## EXERCISE DESCRIPTION
Using the entries below, copy exactly each line from the line with "電子レンジ冗談でぼかす手紙に添えたり、バッグにしのばせてご縁を結ぶ【結び香】" up to and including the line with "08:50 | 成宮の写メ・風俗動画", with every picture left out.

## SUPPLIED RECORDS
- - - - -

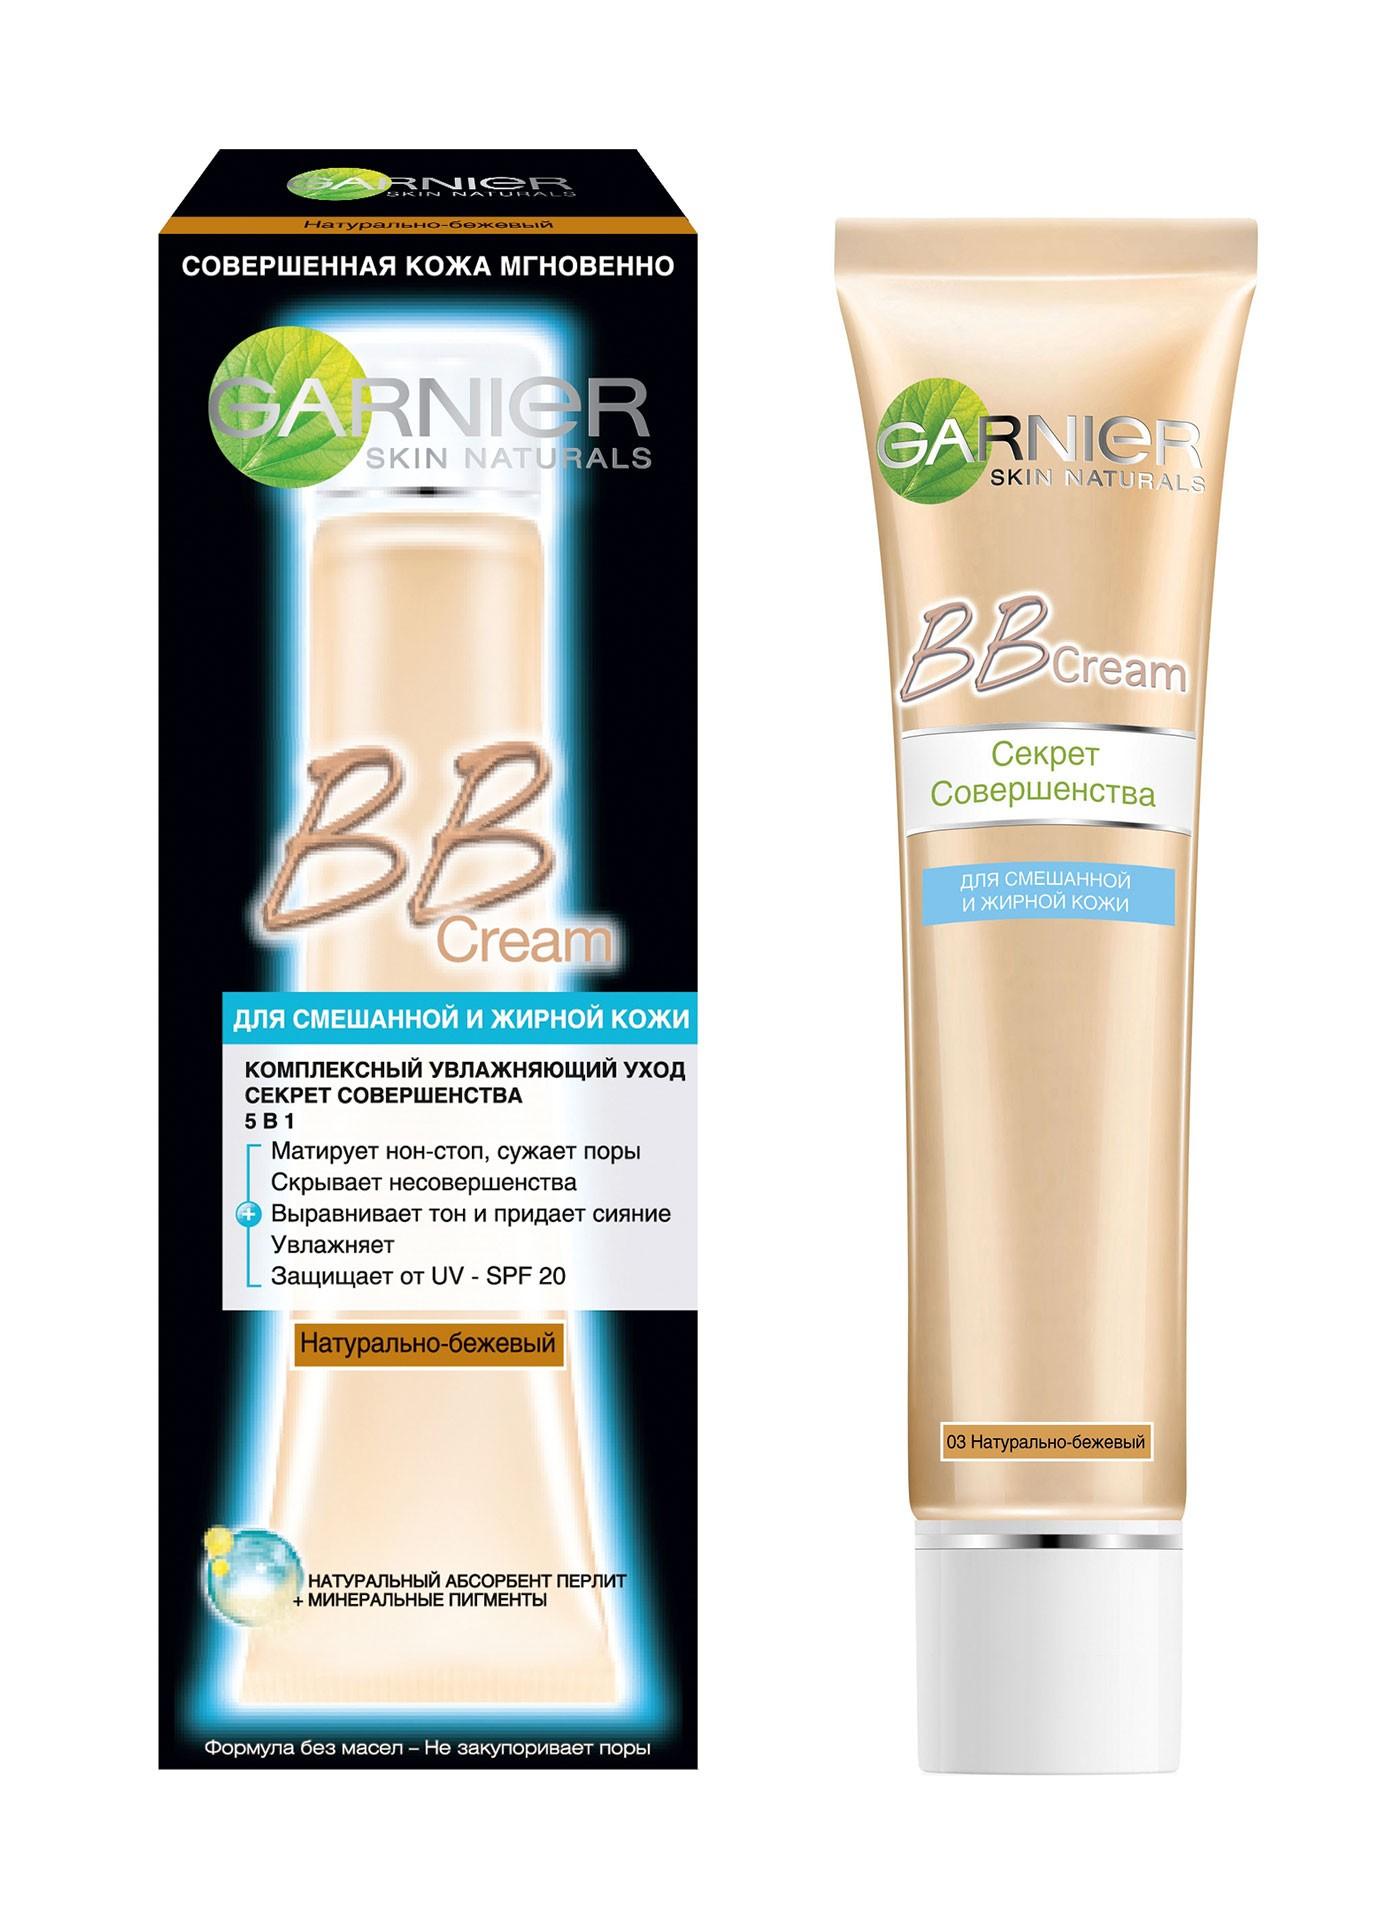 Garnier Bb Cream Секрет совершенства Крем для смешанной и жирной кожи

- - - - -

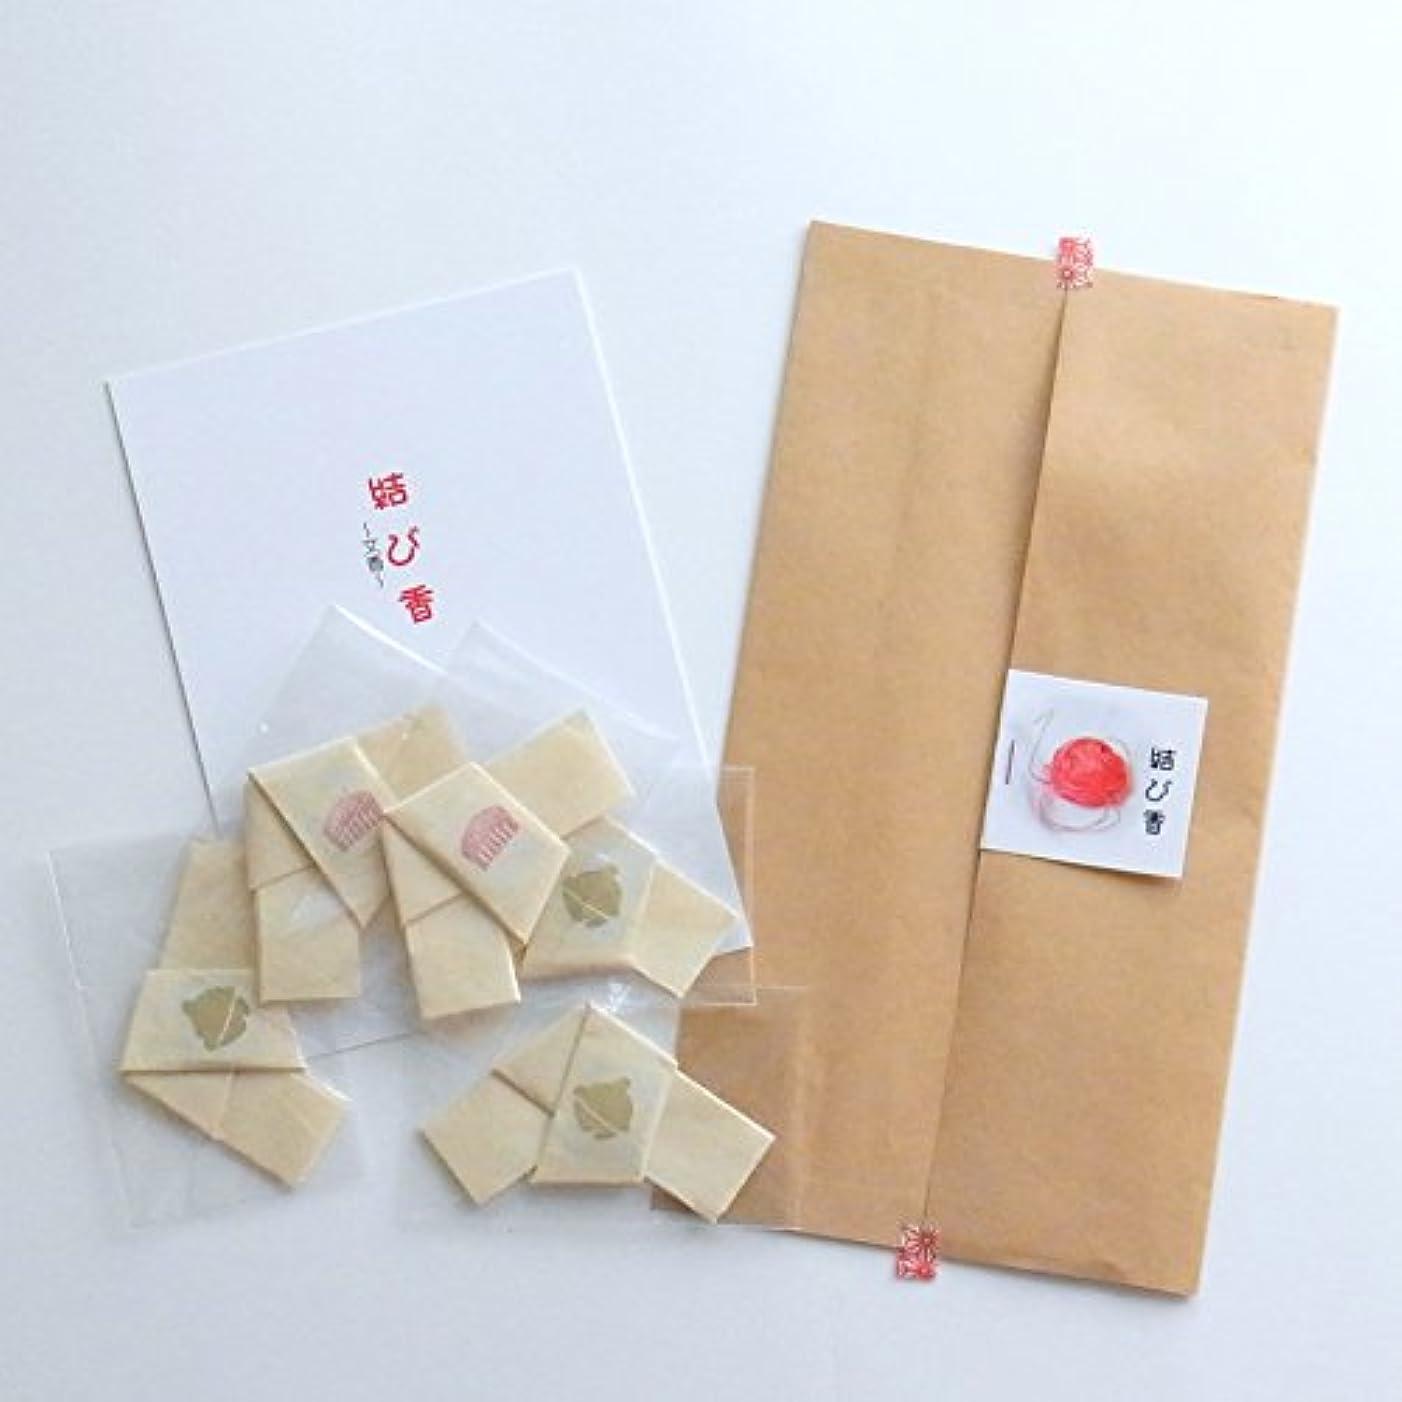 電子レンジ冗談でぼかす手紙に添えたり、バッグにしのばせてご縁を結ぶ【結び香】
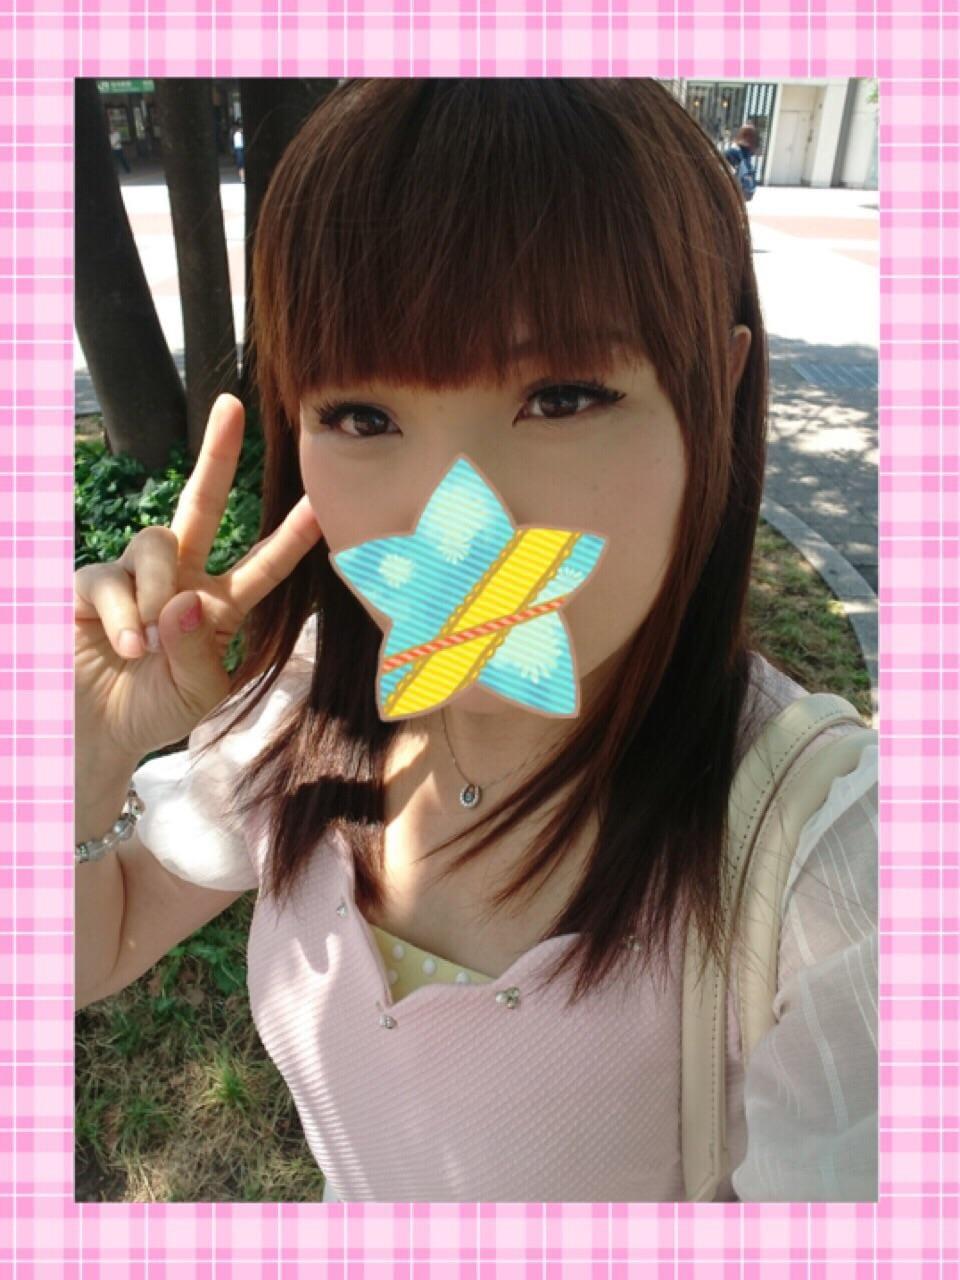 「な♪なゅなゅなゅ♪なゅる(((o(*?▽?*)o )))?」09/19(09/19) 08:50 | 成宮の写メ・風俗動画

- - - - -

## ANSWER TO THE PROBLEM
 電子レンジ冗談でぼかす手紙に添えたり、バッグにしのばせてご縁を結ぶ【結び香】
 「な♪なゅなゅなゅ♪なゅる(((o(*?▽?*)o )))?」09/19(09/19) 08:50 | 成宮の写メ・風俗動画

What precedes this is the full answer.